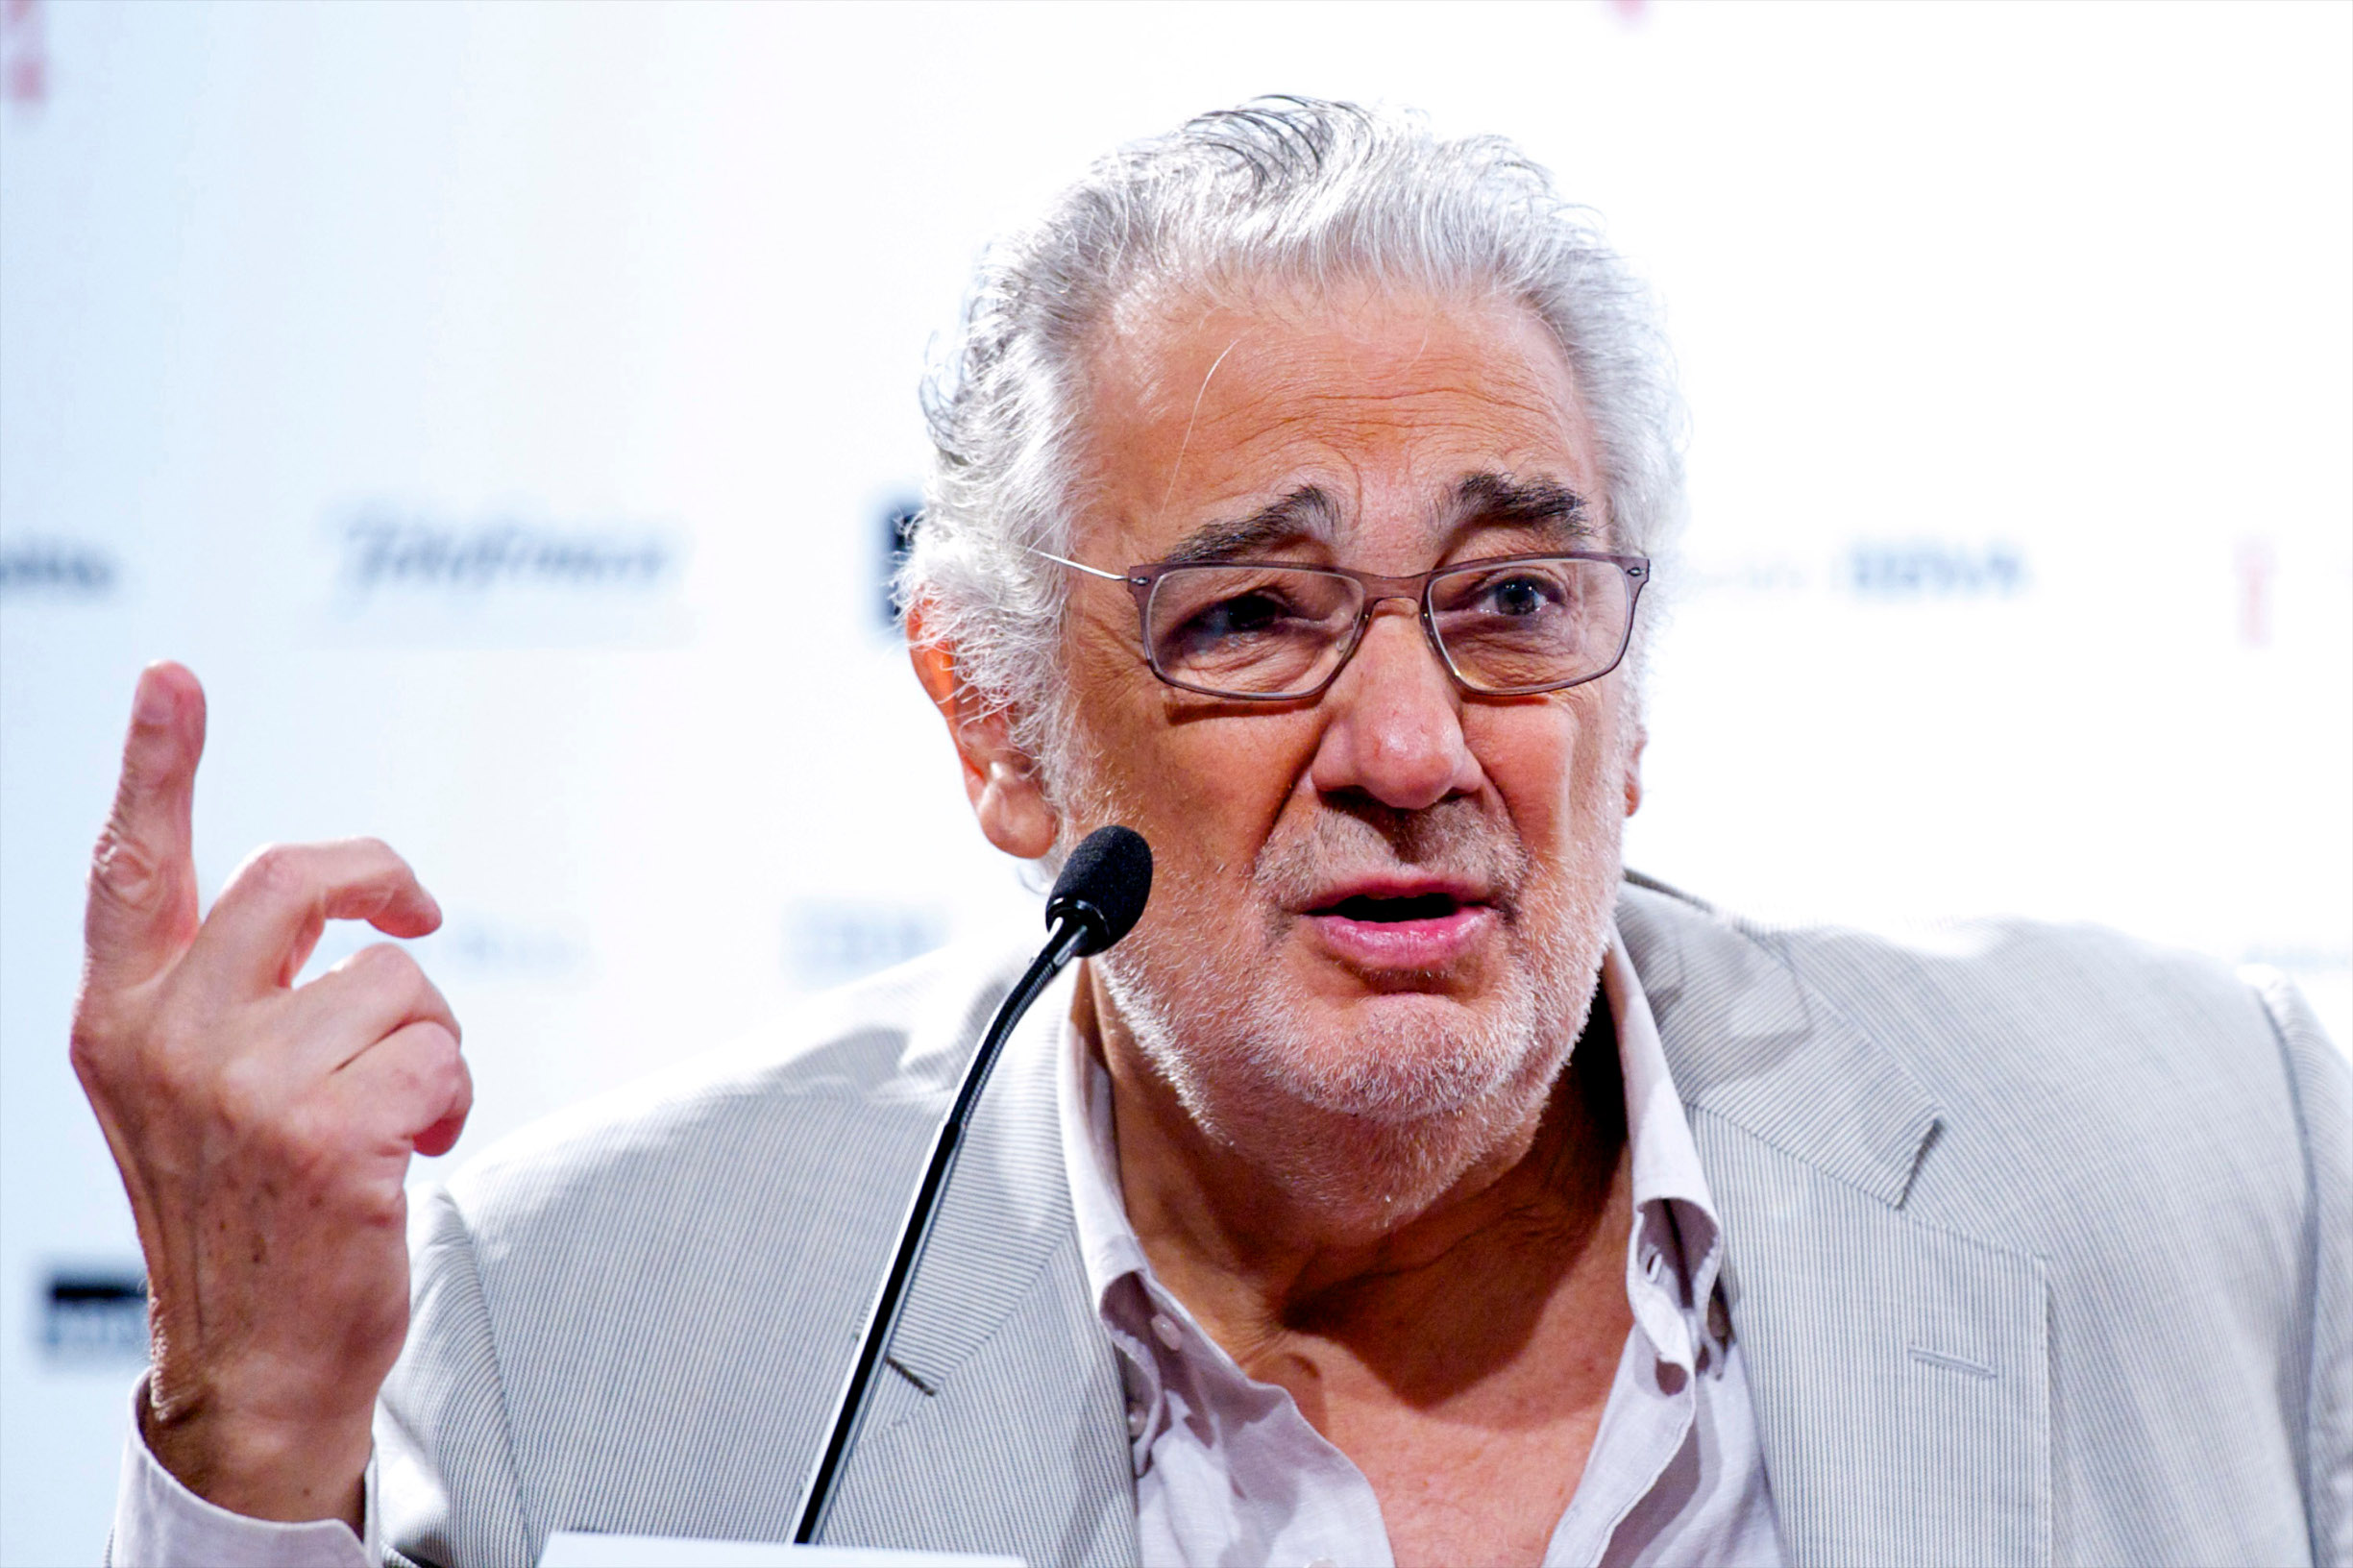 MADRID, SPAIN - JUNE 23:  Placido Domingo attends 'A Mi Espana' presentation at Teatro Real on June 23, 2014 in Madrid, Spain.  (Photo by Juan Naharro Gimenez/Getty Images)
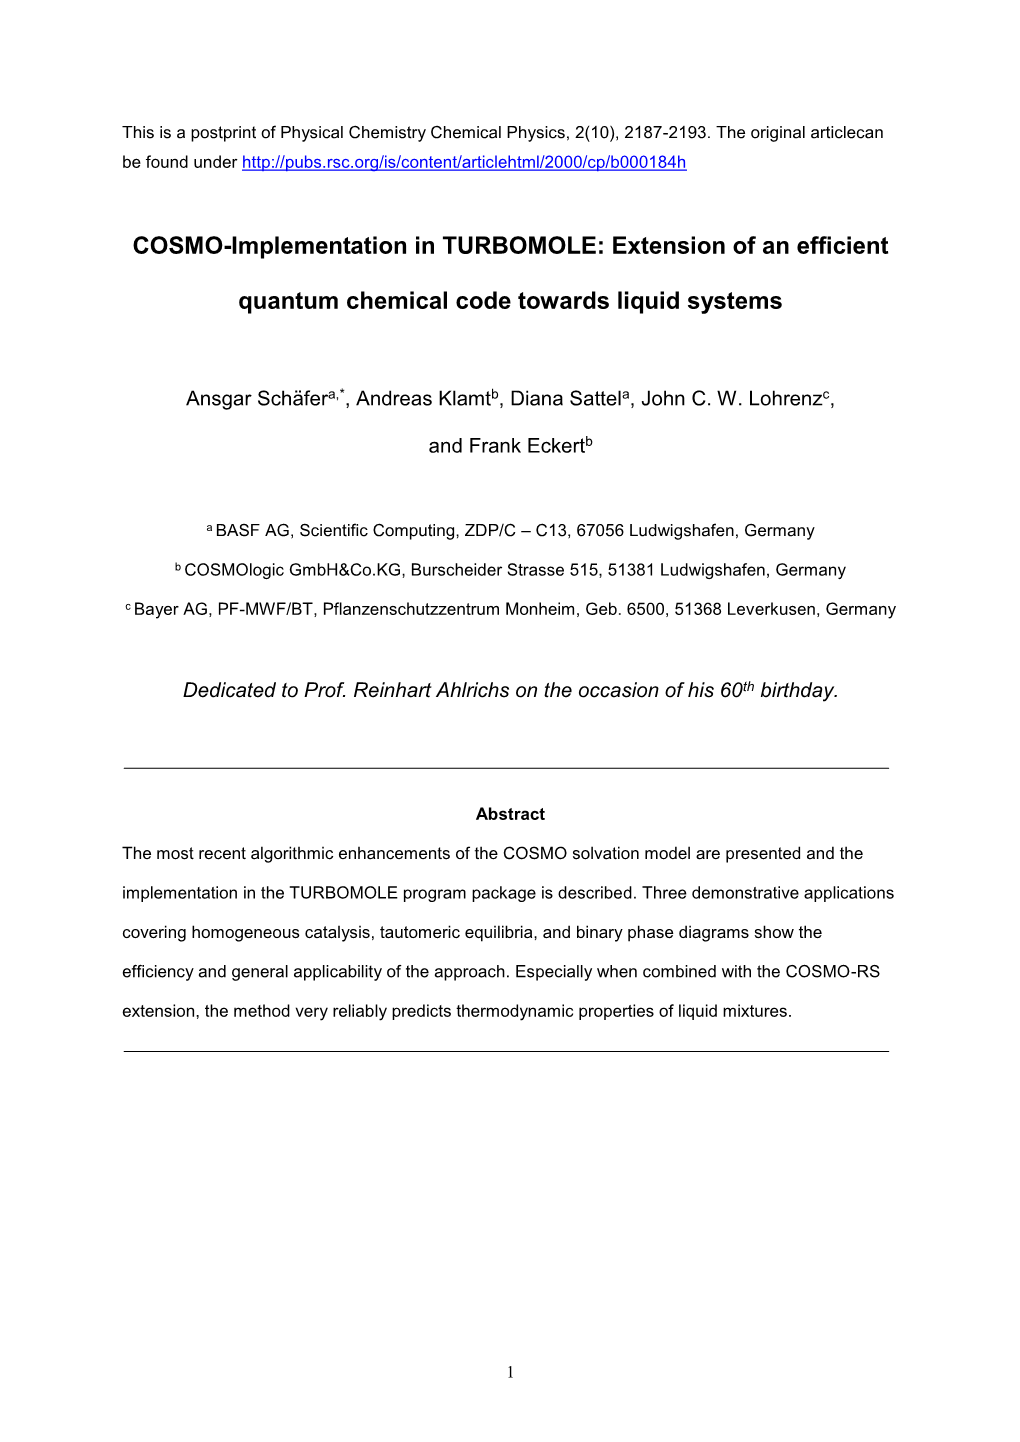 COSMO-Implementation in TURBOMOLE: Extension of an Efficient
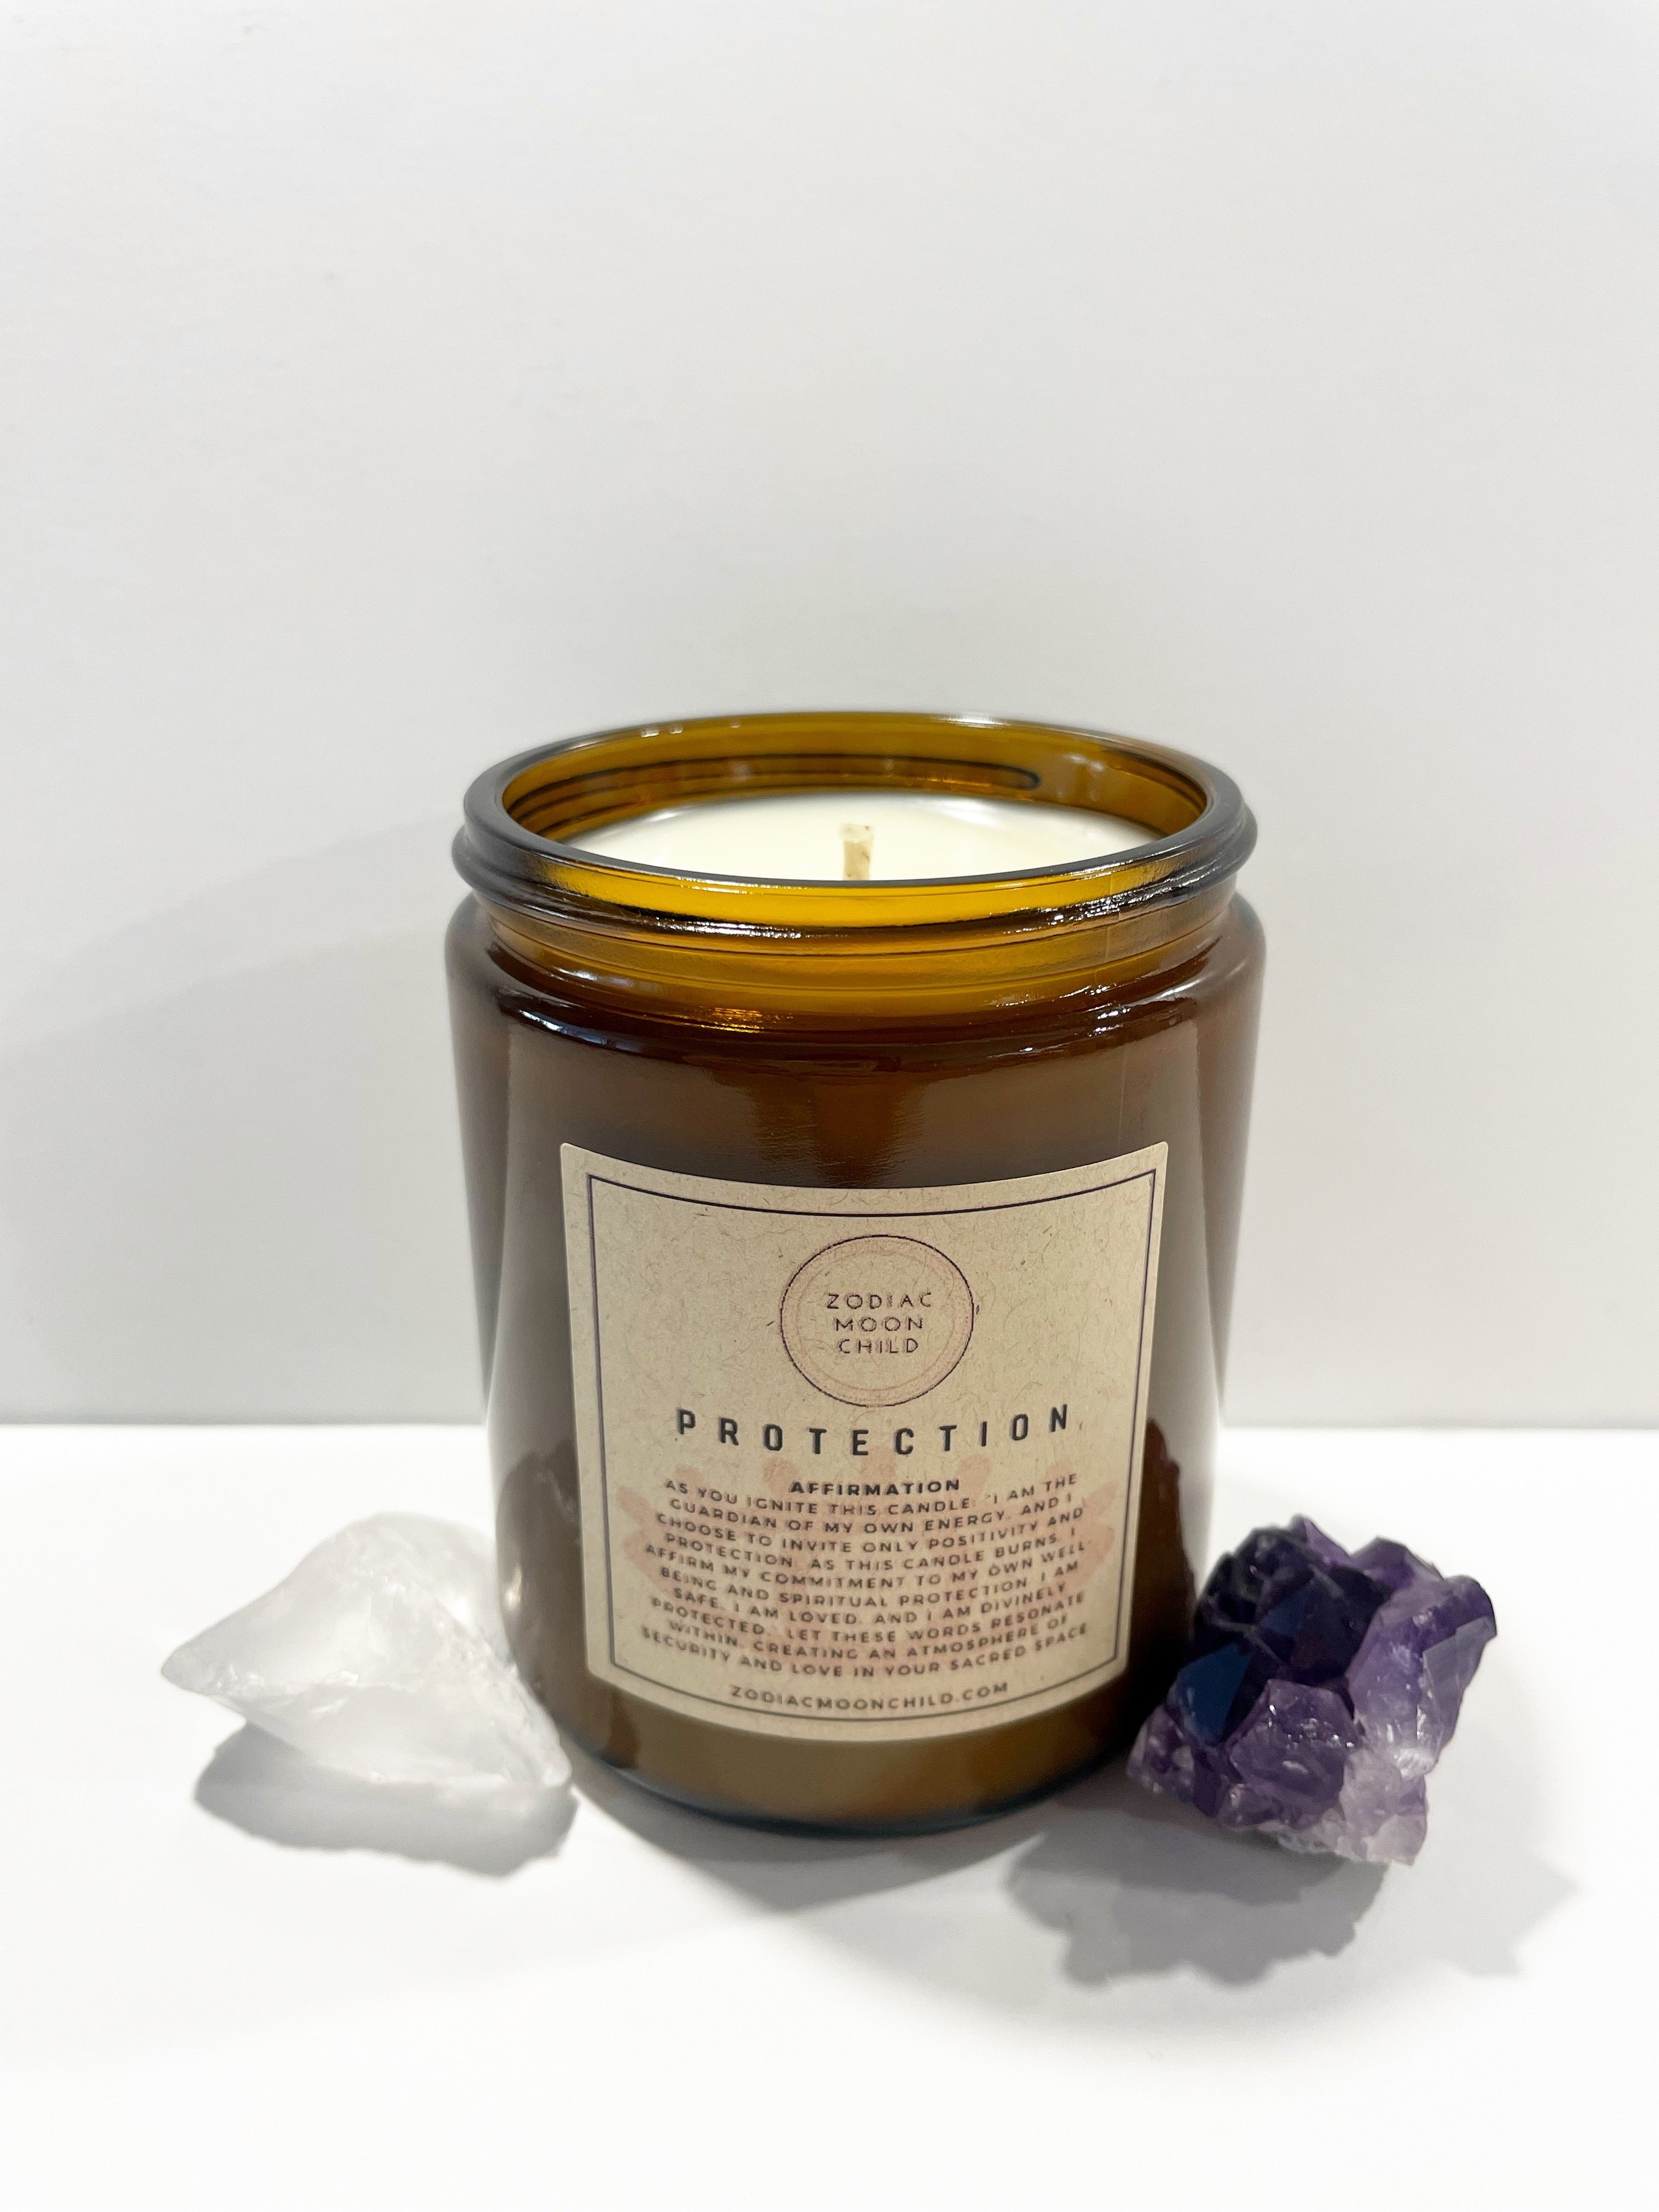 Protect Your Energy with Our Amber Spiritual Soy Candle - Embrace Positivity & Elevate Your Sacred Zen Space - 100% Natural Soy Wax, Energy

Brief — Your task is to copy word for word the lines from the line containing "COSMO-Implementation in TURBOMOLE: Extension" to the end of the listing, both included, and to drop any pictures.

Written response —
 COSMO-Implementation in TURBOMOLE: Extension of an Efficient
 Protect Your Energy with Our Amber Spiritual Soy Candle - Embrace Positivity & Elevate Your Sacred Zen Space - 100% Natural Soy Wax, Energy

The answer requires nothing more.